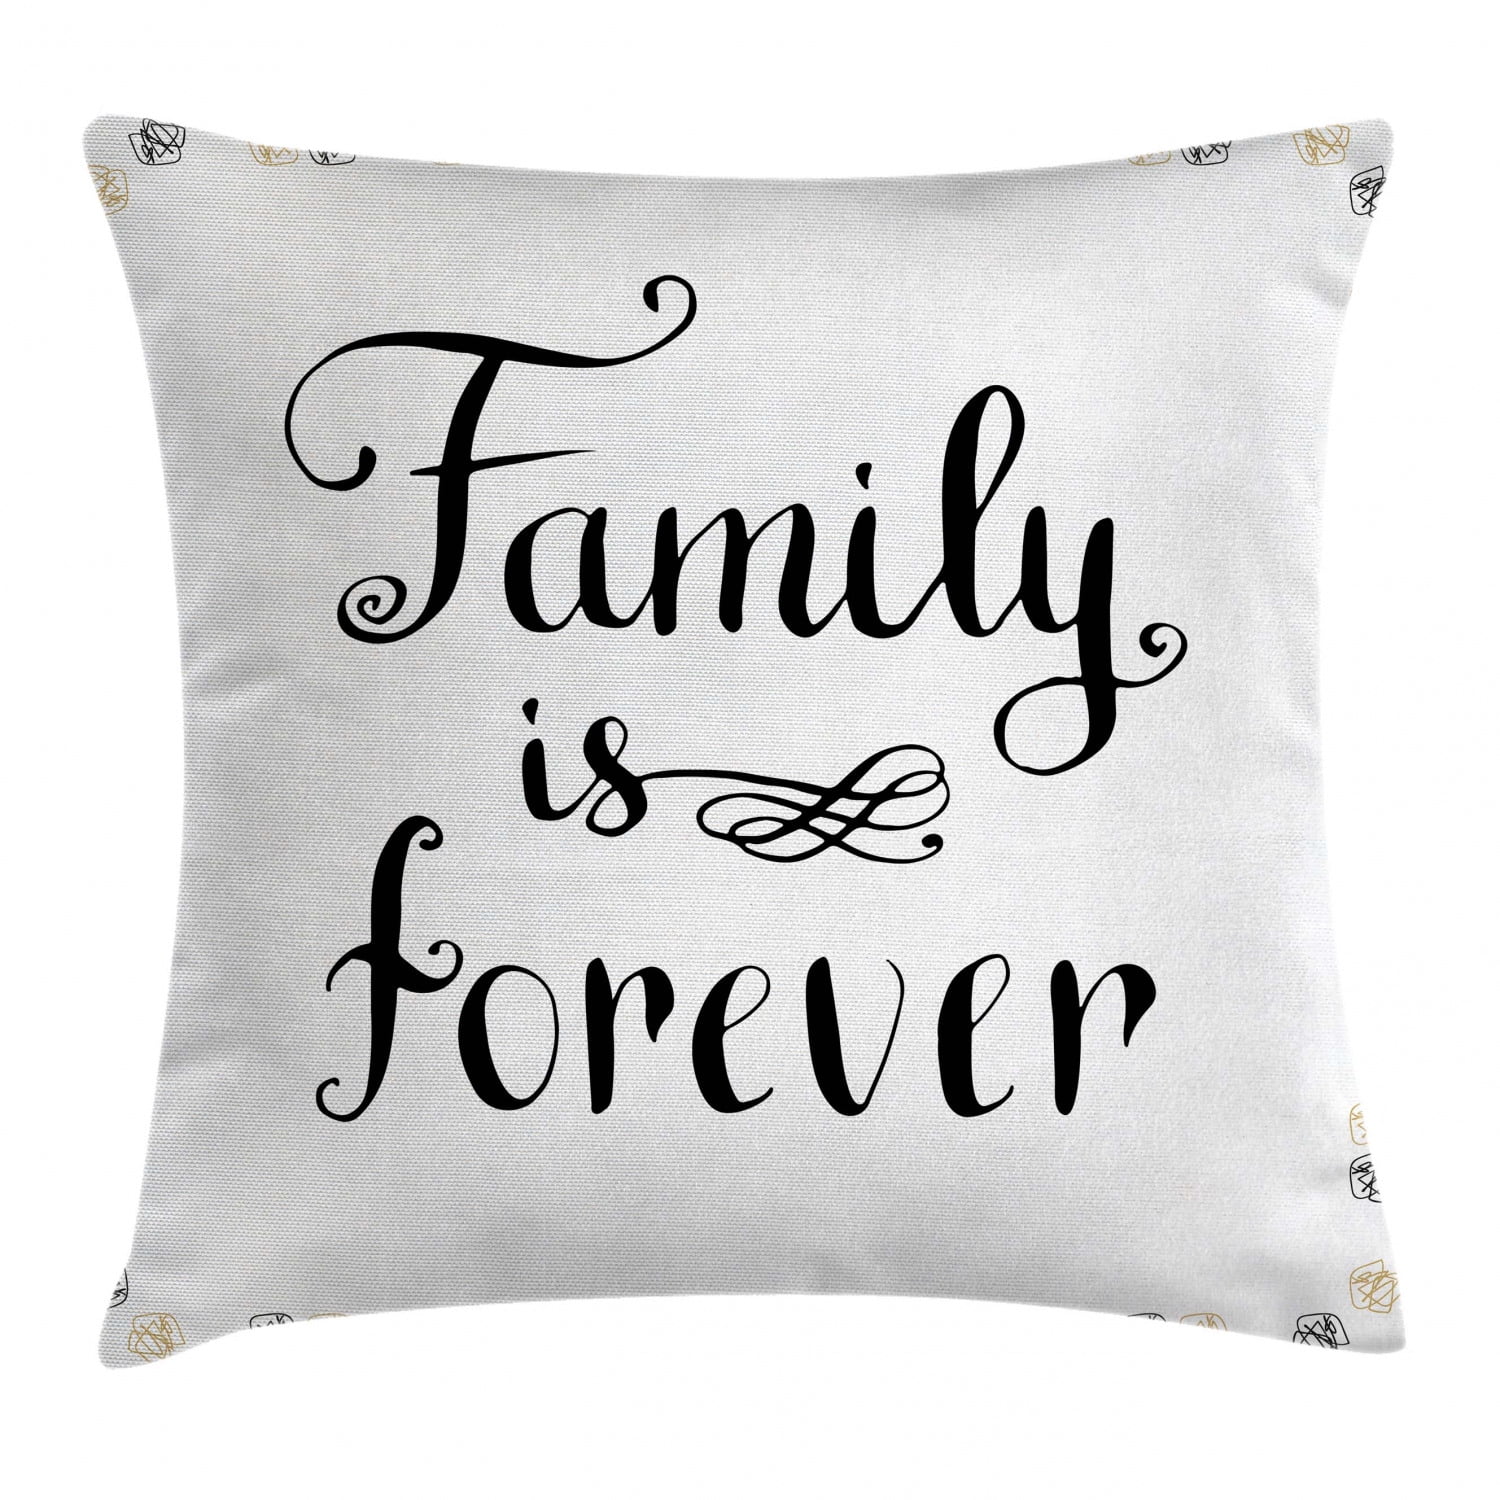 Custom Personalized 1PCS Pillow Case/Cushion Cover Your Image/Photo Here Gift 
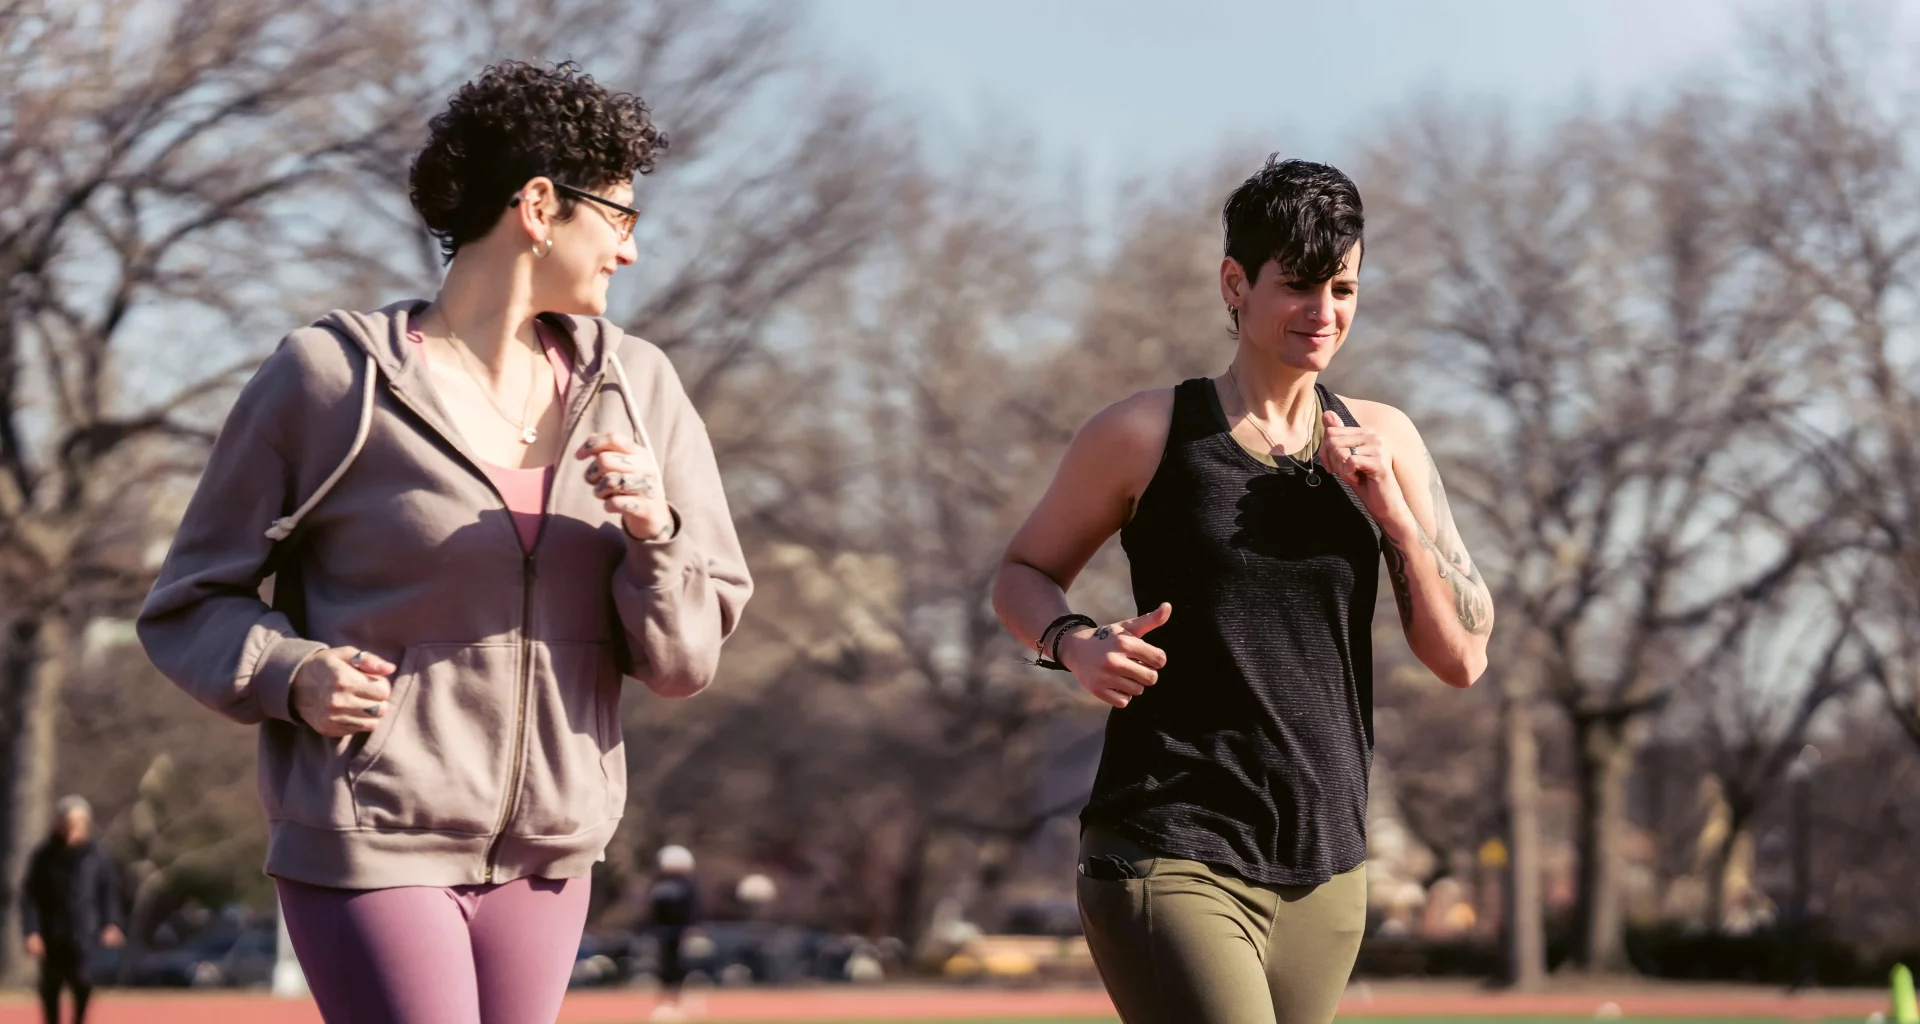 Two ladies jogging in a sunny day.
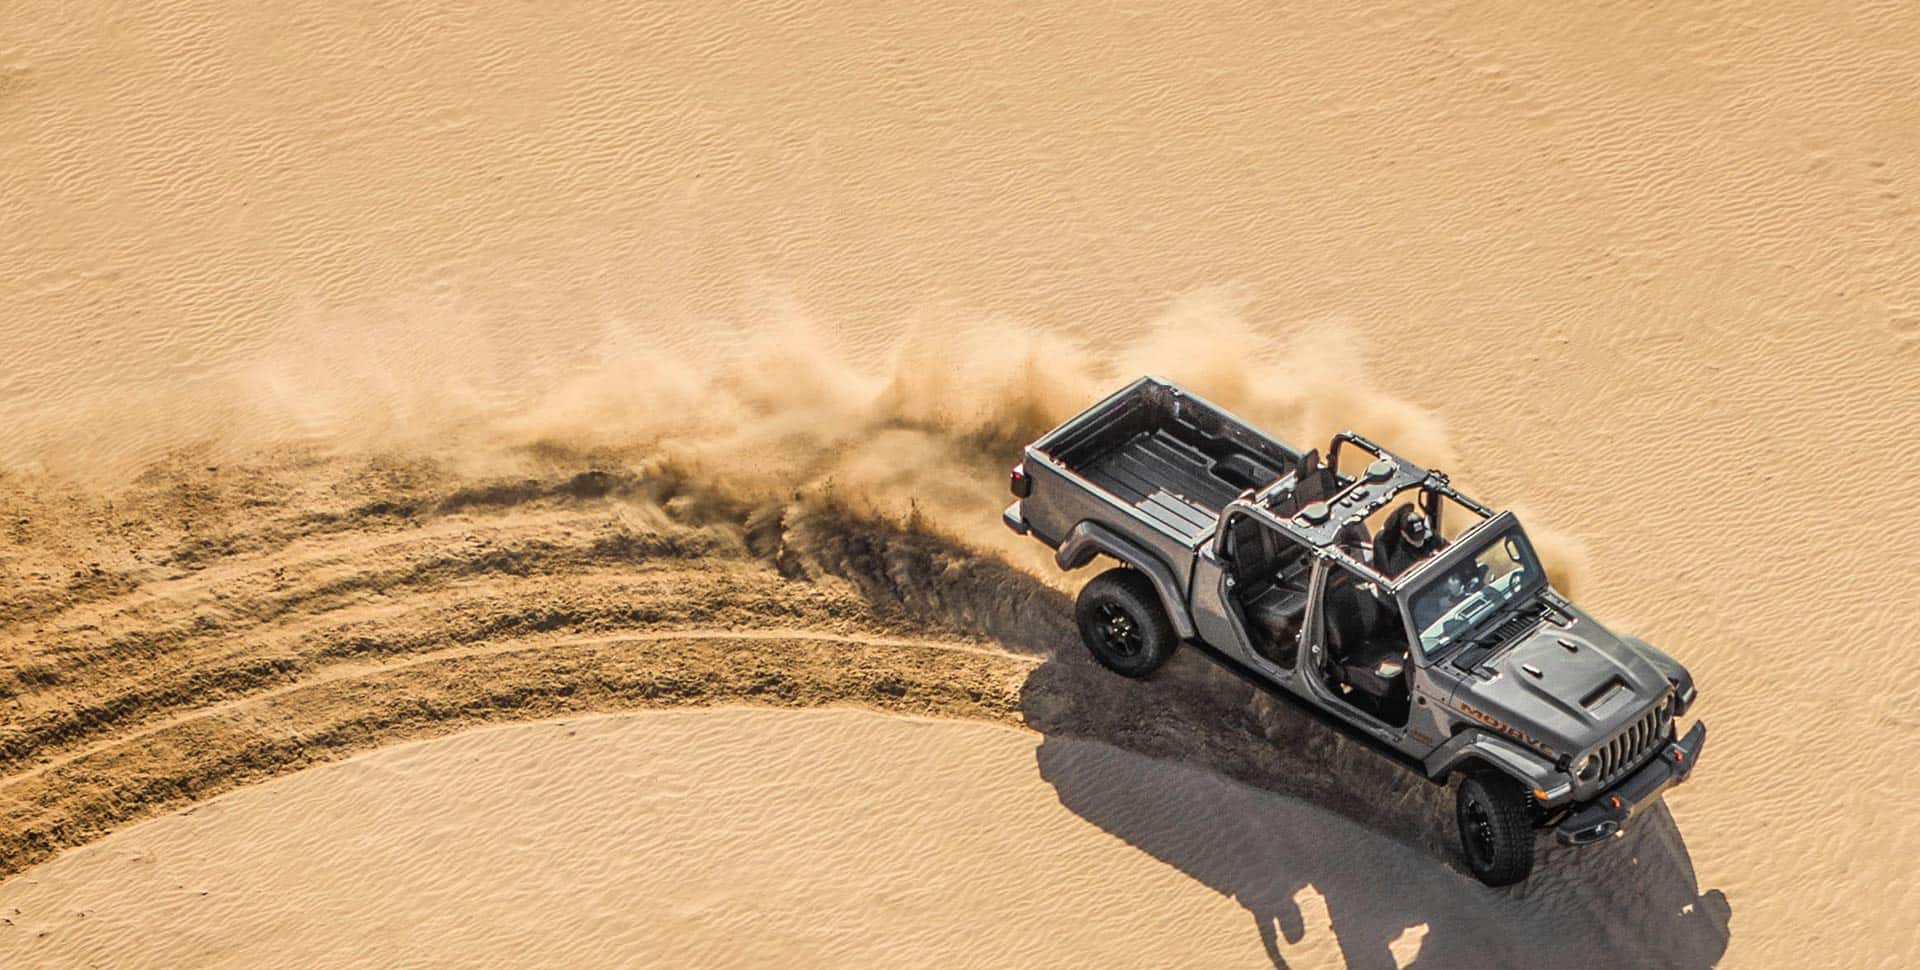 The 2023 Jeep Gladiator Mojave with its top and doors off being driven off-road in the desert with a spray of sand coming from its wheels.

▸ THE PROBLEM: The expected answer is the whole listing above, copied exactly, with images excluded.

▸ PROBLEM SOLUTION:
 Custom Personalized 1PCS Pillow Case/Cushion Cover Your Image/Photo Here Gift 
 Two ladies jogging in a sunny day.
 The 2023 Jeep Gladiator Mojave with its top and doors off being driven off-road in the desert with a spray of sand coming from its wheels.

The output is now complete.